Ben, Jonah, Imad, and I write:

The usual definition of R-squared (variance of the predicted values divided by the variance of the data) has a problem for Bayesian fits, as the numerator can be larger than the denominator. We propose an alternative definition similar to one that has appeared in the survival analysis literature: the variance of the predicted values divided by the variance of predicted values plus the variance of the errors. This summary is computed automatically for linear and generalized linear regression models fit using rstanarm, our R package for fitting Bayesian applied regression models with Stan. . . .

When I think of R squared, I generally think of 1 – Variance(residuals) / Variance(y), which is less than 1 always; this is also how Wikipedia describes it. This works for Bayesian models in that the R squared is always less than 1, though it can be less than 0.

Ok, not a regression or stats guru by any means (which should be obvious), but I’m confused too. var(predicted)/var(actual) doesn’t seem intuitively interesting to me, except when – after fragile assumptions about LS – you can argue it’s the same as (1-) a normalized measure of residual variance. Otherwise what’s the argument that high r^2 is a good thing?

Why isn’t 1 – residual-variance/pre-model-variance the more sensible target of improvements?

Bxg:

For reasons discussed in our paper, we like the definition of R-squared as the variance of the predicted values divided by the variance of predicted values plus the variance of the errors, so that the variance decomposition is baked into the definition.
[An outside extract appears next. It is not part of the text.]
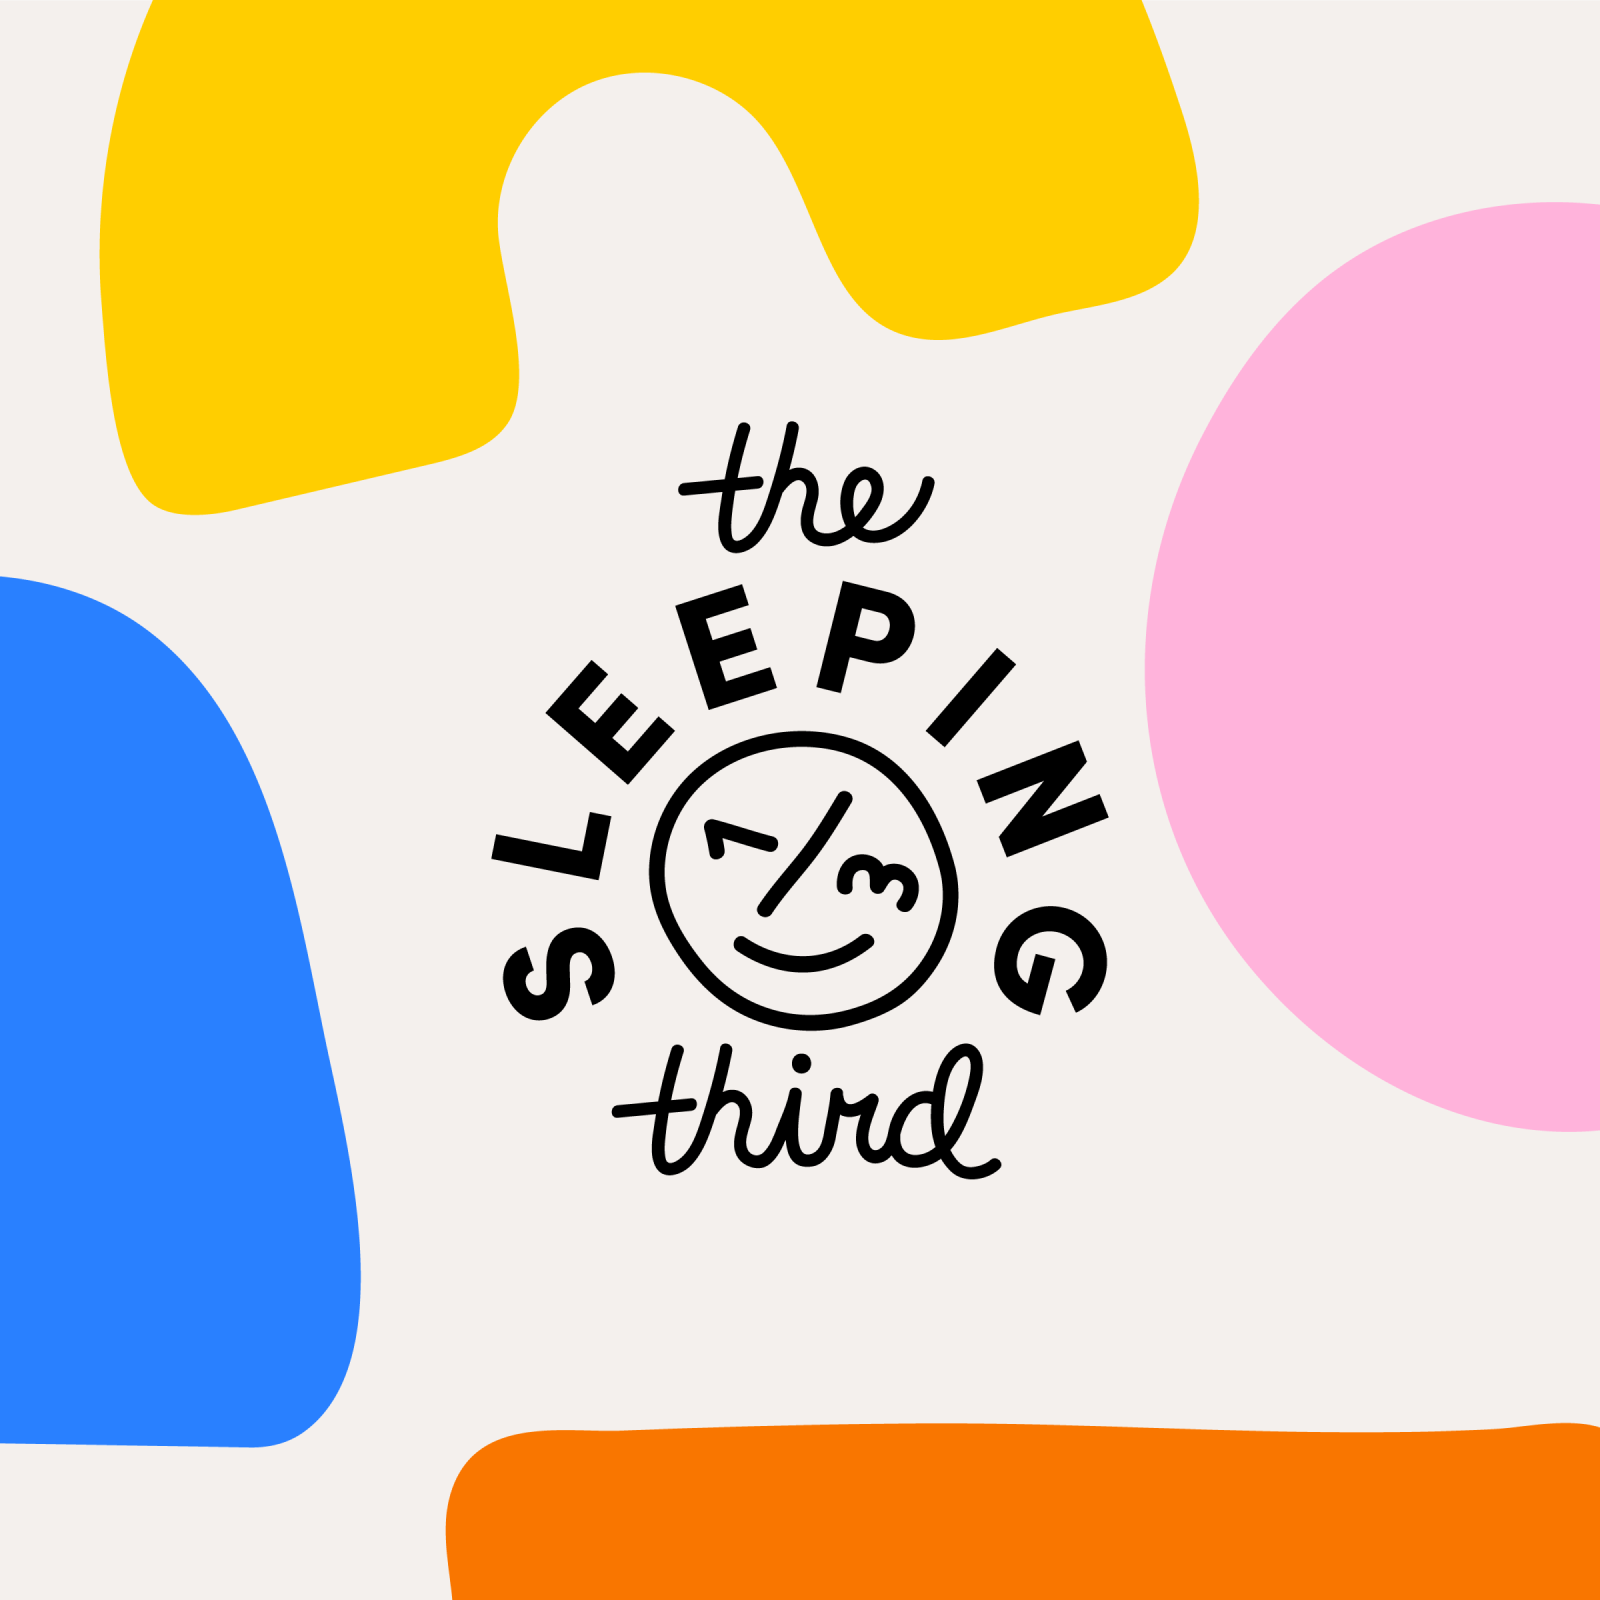 The Sleeping Third - Brand Design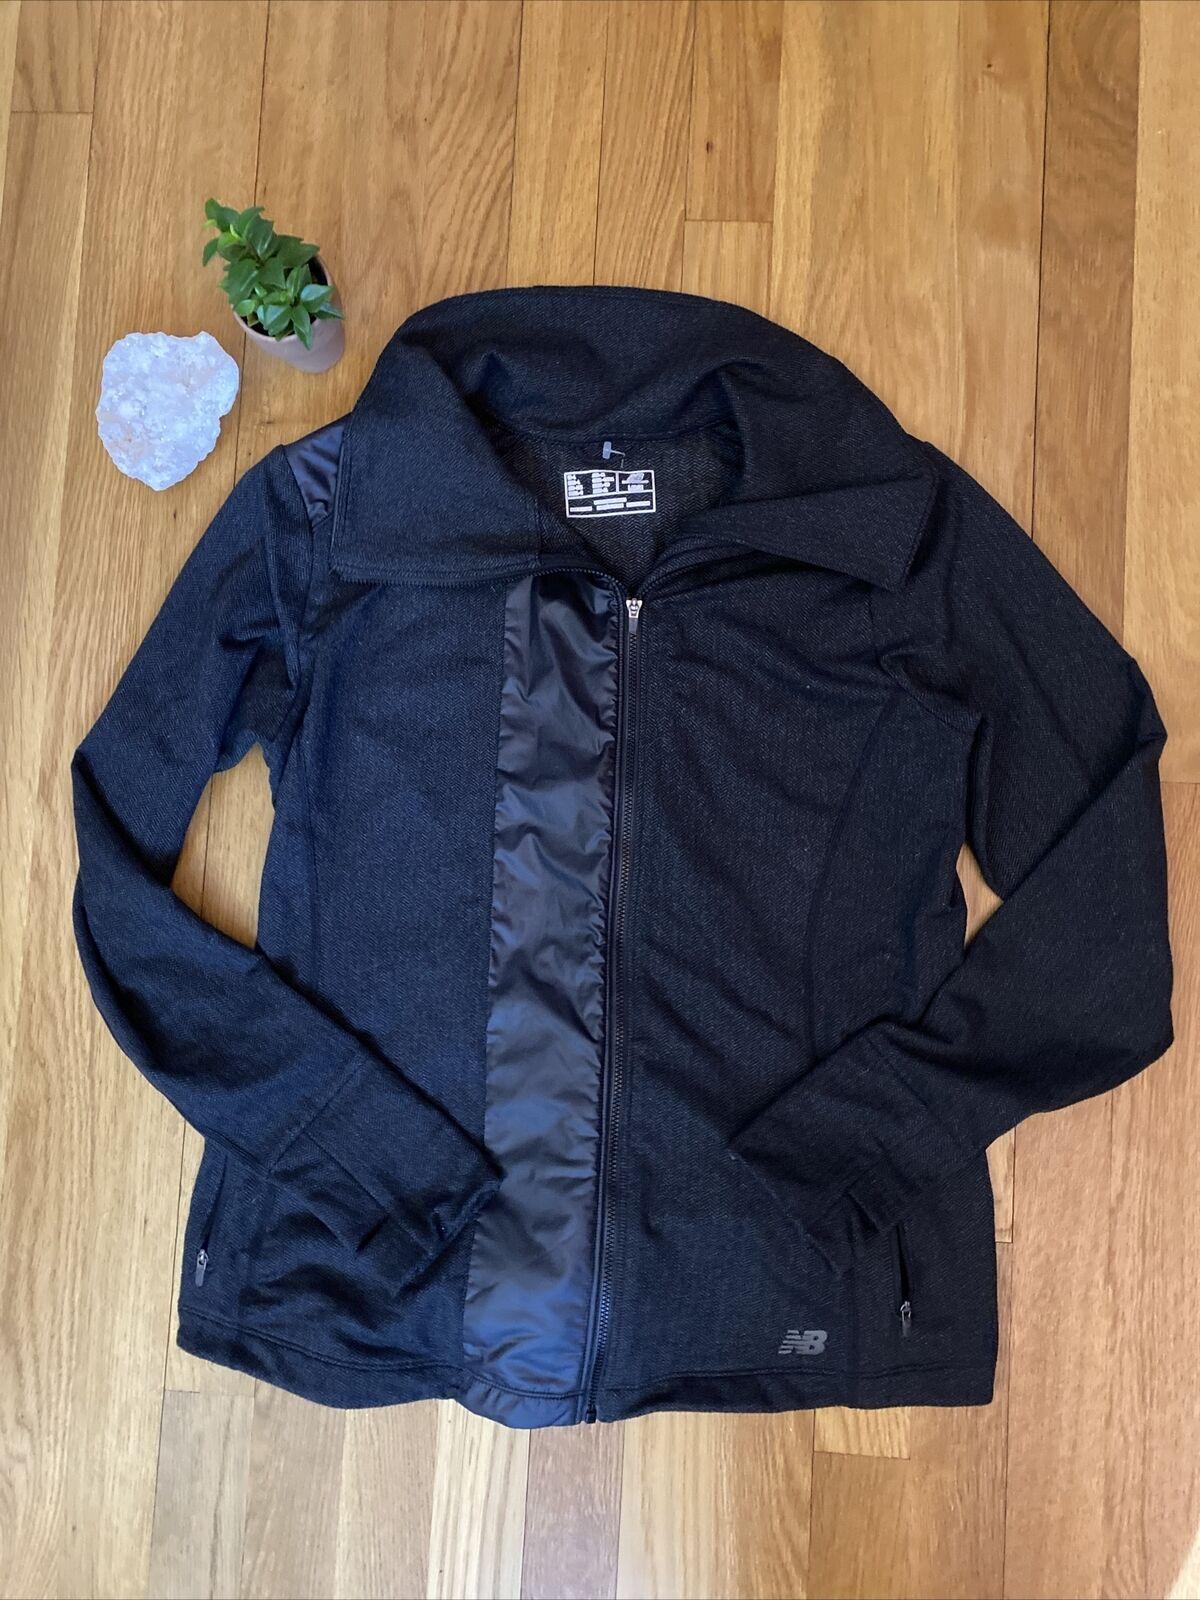 New Balance Womens Large Gray Light Chevron Active Jacket Polyester Nylon

To me, this captures the most important aspect of R-squared which is based on a decomposition of variance. You can also look at my 2006 paper with Pardoe.

I feel (and am) honored to have a direct response from you, but I’m too silly to understand it. I’ve (tried to) read this paper now twice, and just don’t see the “we like the definition …” part – is it in Section 4, or elsewhere? How much would your paper change if (1 – ) residual-variance/pre-model-variance was the default? Sorry.

I’ve always felt a little bit squeamish about calling the modelled conditional expected values predictions. I mean… they are exactly what they are, expected values of whatever distribution is used as a model. It makes even less sense if the distribution is bernoulli distribution: the “predicted” values are impossible to observe. Well, excluding the lower and upper asymptotes, but but butt.

Krolbo:

Technically these are not predictions, they’re expected values of the predictive distributions. But “expected value” is also confusing. We need some better term for that!